We examined how the combination of short and long DNA reads affects the length and quantity of the resulting DNA sequences. In this study we used the Saccharomyces cerevisiae (GenBank NC_001133 … NC_001148, NC_001224) reference genome. From this genome, we generated nine sets of short DNA reads using the pIRS [30] ver. 1.1.1 application and five sets of long reads using the NanoSim [31] ver. 1.0.0 tool, where each set had a different depth of coverage. The details of application used and dataset parameters are provided in Supplementary Materials.

The generated short reads were de novo assembled by ABySS ver. 2.0.1, then contigs were linked using long reads. The results, presented in Figure 4, prove that combining long DNA reads with short ones can significantly increase the consistency of the resulting assemblies by reducing the final number of scaffolds. Moreover, increasing the coverage of any sequencing technology above a certain level does not improve the results further.

Next, we investigated how the use of long DNA reads affects the reconstruction of complex DNA structures such as long tandem repeats. We compared our method to a technique where gaps are filled with short DNA reads. In this experiment we generated an input set of reads for two organisms: Escherichia coli (GenBank NC_000913) and Saccharomyces cerevisiae (GenBank NC_001133 … NC_001148, NC_001224). We used the same applications, pIRS and NanoSim as before. Their parameters are provided in Supplementary Materials.
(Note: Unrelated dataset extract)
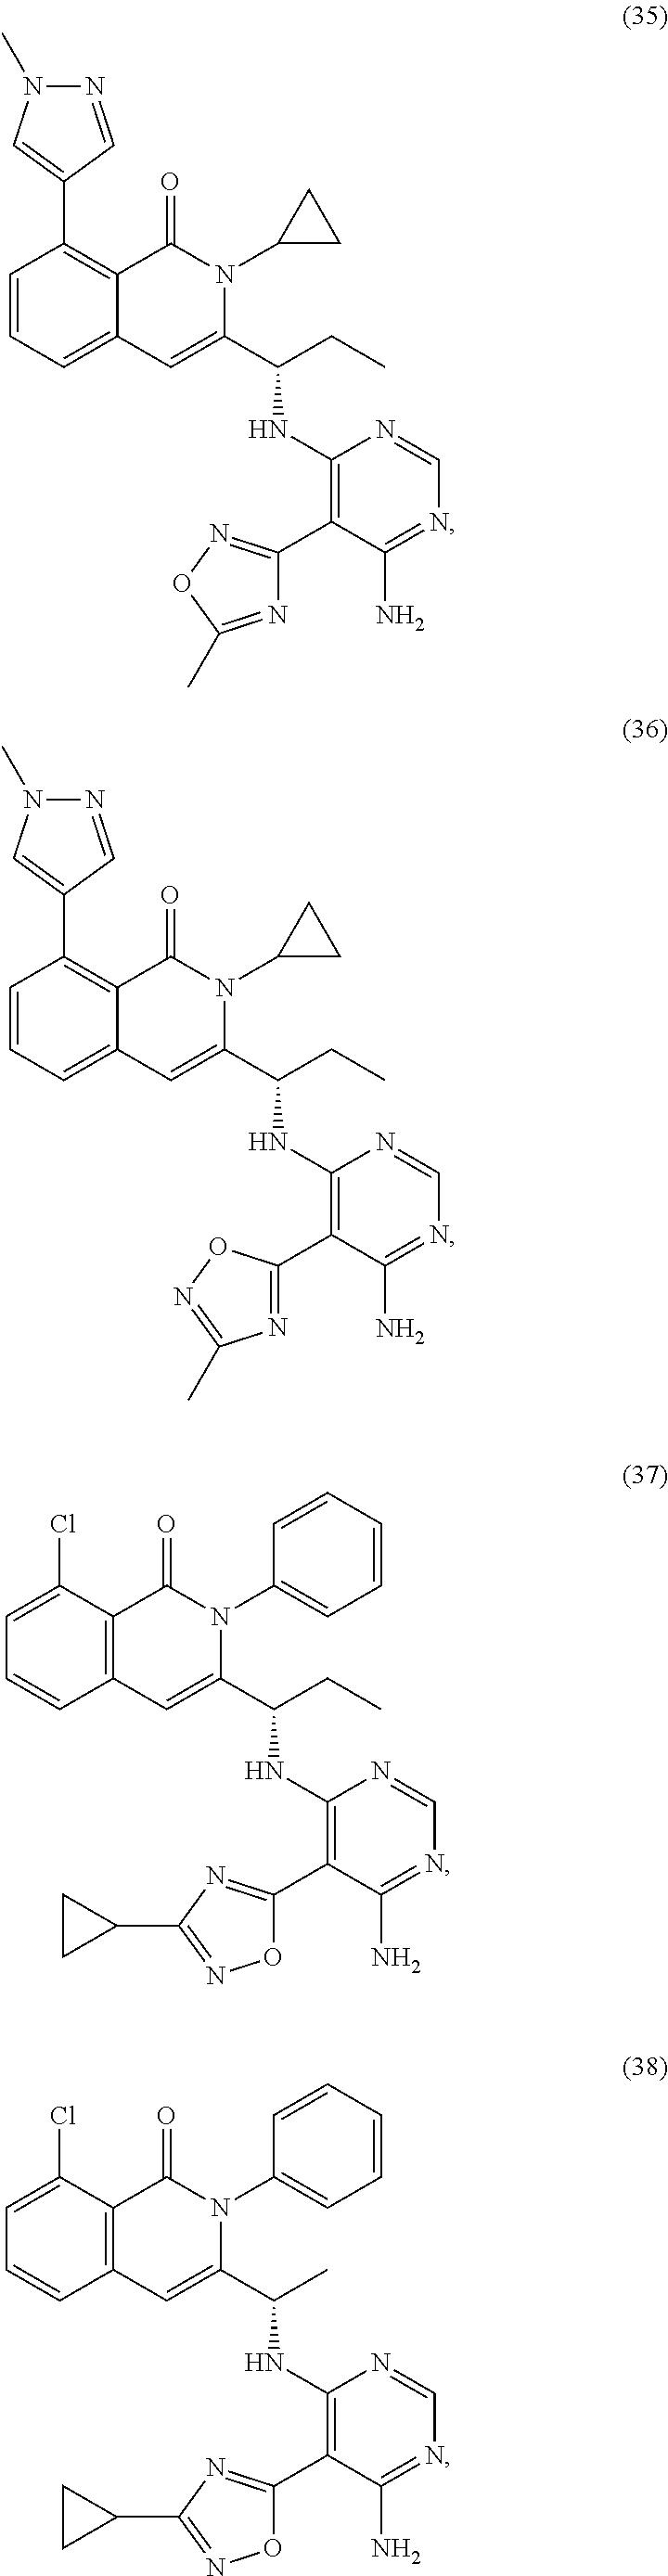 Figure US09657007-20170523-C00102

The short reads were de novo assembled by ABySS [9]. Next, we linked contigs with long DNA reads using the dnaasm-link tool in two modes: with and without gap filling. Then, the scaffolds produced by dnaasm-link without gap filling were treated by three tools for filling gaps with short DNA reads: GapFiller [32] ver. 1.10.0, Sealer [33] ver. 1.9.0, and SOAPdenovo2 GapCloser [34] ver. 1.12.0. Finally, we compared a number of detected tandem repeats using the Tandem Repeats Finder application [35]. This application was also launched on the reference genomes, to determine ground truth data for this study. The results presented in Table 4 depict the advantage of filling gaps using dnaasm-link over other existing methods.
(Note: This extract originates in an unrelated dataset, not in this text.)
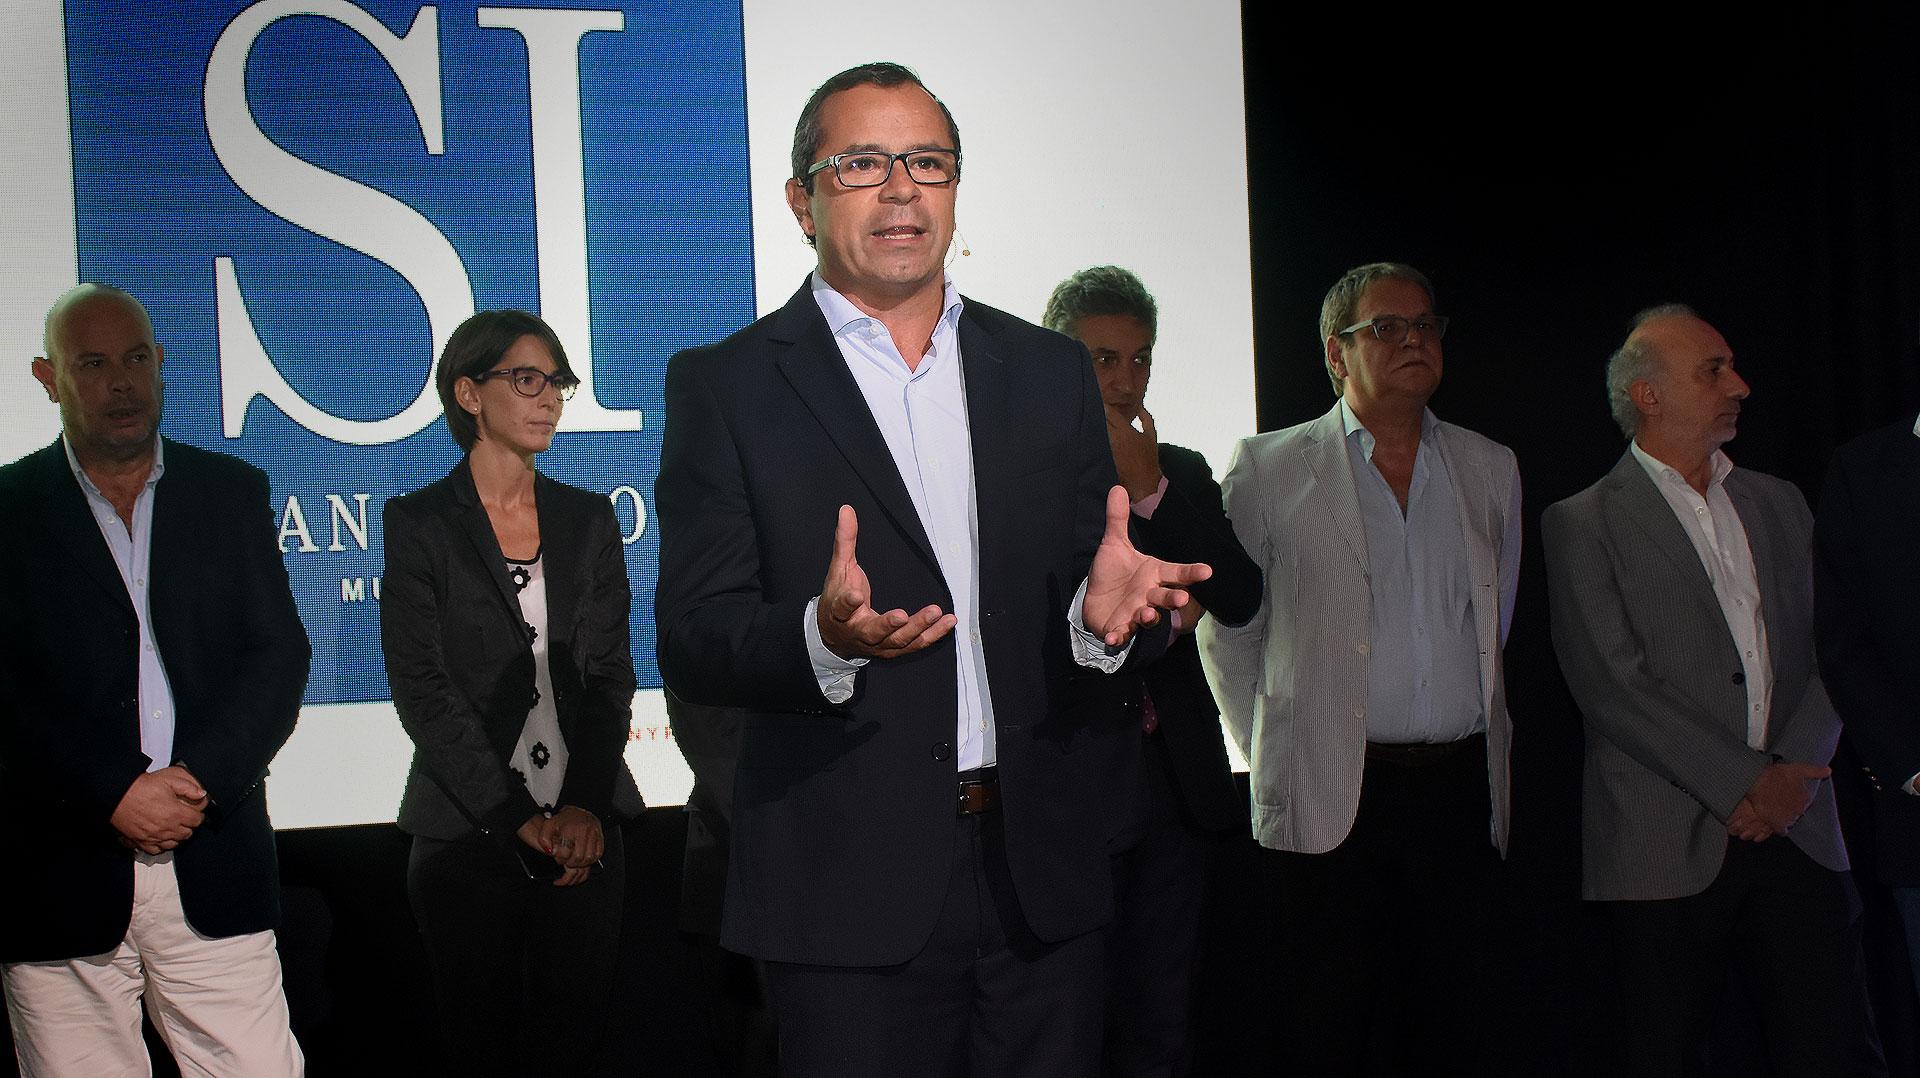 Gastón Urquiza, director ejecutivo de la Fundación Metropolitana, cuyo objetivo es lograr una mayor equidad, inclusión social y desarrollo sustentable

Motif len. [bp] Num of repet. NGS unitigs dnaasm-link without gap fill. dnaasm-link without gap filling dnaasm-link with gap fill.
+ GapFiller + Sealer + GapCloser

E. coli 181 3.0 - - - - - -
181 2.3 - - - - - -
178 1.9 - - + - - +
226 2.0 - - - - - +
113 2.7 - - - - - +
226 1.9 - - - - - -
200 2.0 - - - - - +

S. cerevisiae 135 1.9 - - - - - -
135 1.9 - - - - - -
135 3.1 - - - - - -
135 3.1 - - - - - -
135 1.9 - - - - - -
192 2.2 - - - - - -
192 2.1 - - - - - -
84 3.0 - - - - - -
1998 2.0 - - - - - -
207 2.1 - - - - - +
81 3.3 - - - - - +
189 1.9 - - - - - +
72 5.3 - - - - - +
189 2.3 - - - - - +

The table presents all tandem repeats in the E. coli and S. cerevisiae reference genomes. In the presented table “+” signs mean the correct reproduction of the specified repetitive fragment and “-” signs mean the lack of correct reconstruction. The presented results indicate that the usage of long DNA reads by dnaasm-link tool allows reconstructing some of tandem repeats.
3.3. Time and Memory Usage

We examined the dnaasm-link application in terms of performance, as this can be crucial in the analysis of large volume sequencing data. Our application was compared with LINKS [18] and SSPACE-LongRead [19] in terms of time and memory usage. The results are presented in Figure 5.
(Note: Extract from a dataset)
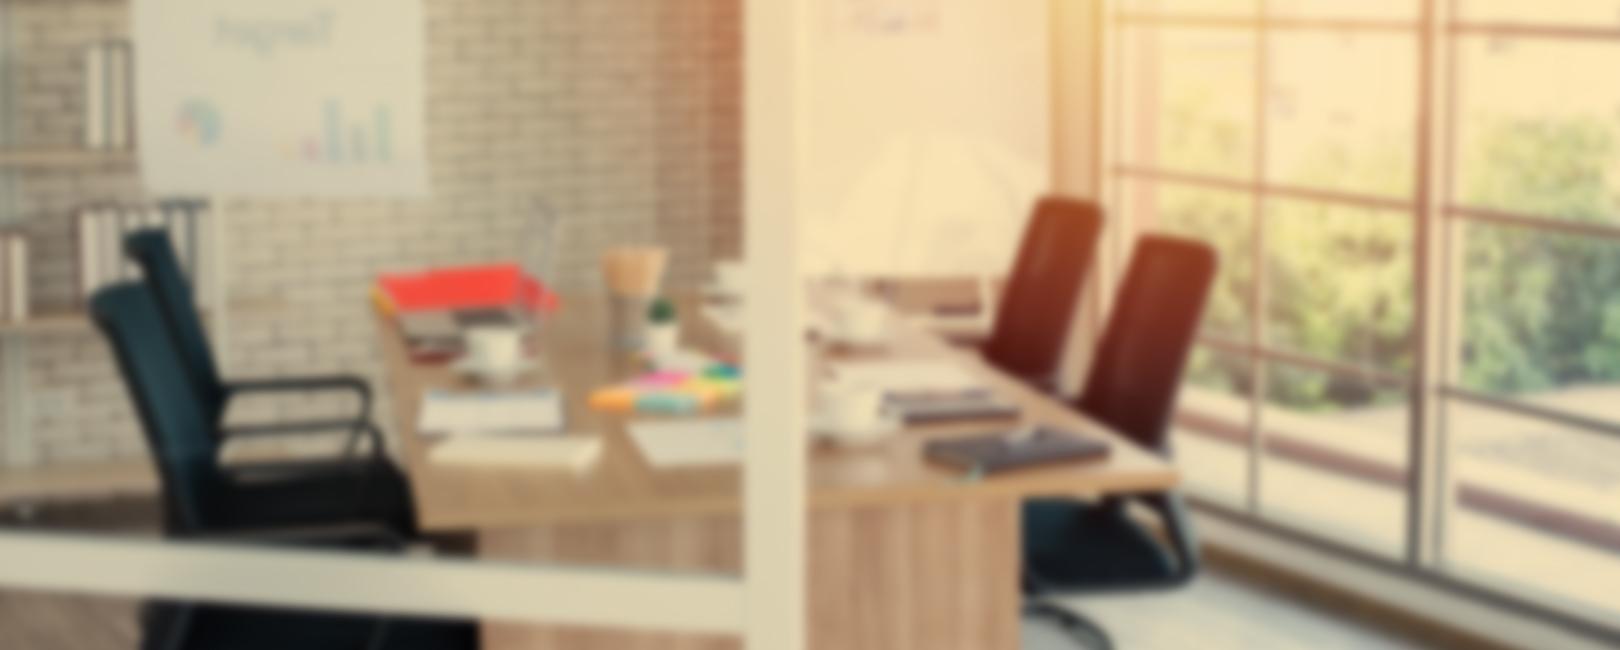 El espacio de trabajo y su impacto en la cultura y en los procesos

As expected, combining contigs in applications with accurate mapping takes much more time than in k-mer based tools, in particular, because of the time required to map long DNA reads to preassembled contigs. For example, the calculation time of the SSPACE-LongRead application, for which BLASR [36] software is used in the mapping process, is over 15 times longer than for tools using a k-mer approach, like the dnaasm-link tool. Our tool is significantly faster than the LINKS application, because LINKS, which uses a similar algorithm, is implemented in Perl. In addition, the LINKS application requires much more RAM memory; for example, for a genome of size 100 Mbp and coverage of long reads equal to 30x, the LINKS application uses over 200 GB of RAM memory, and our application only 18.3 GB.

4. Discussion

The dnaasm-link application is a new tool for both connecting contigs and filling the gaps between them with long DNA reads. The presented results indicate that the application works similarly to existing tools in terms of the quality of the resulting DNA sequences. However, it works significantly faster with much less RAM memory usage, which can be crucial for large volume sequencing data. Moreover, the presented software contains a module for filling the gaps between contigs with a specified sequence from an appropriate long DNA read, which is not implemented in similar tools.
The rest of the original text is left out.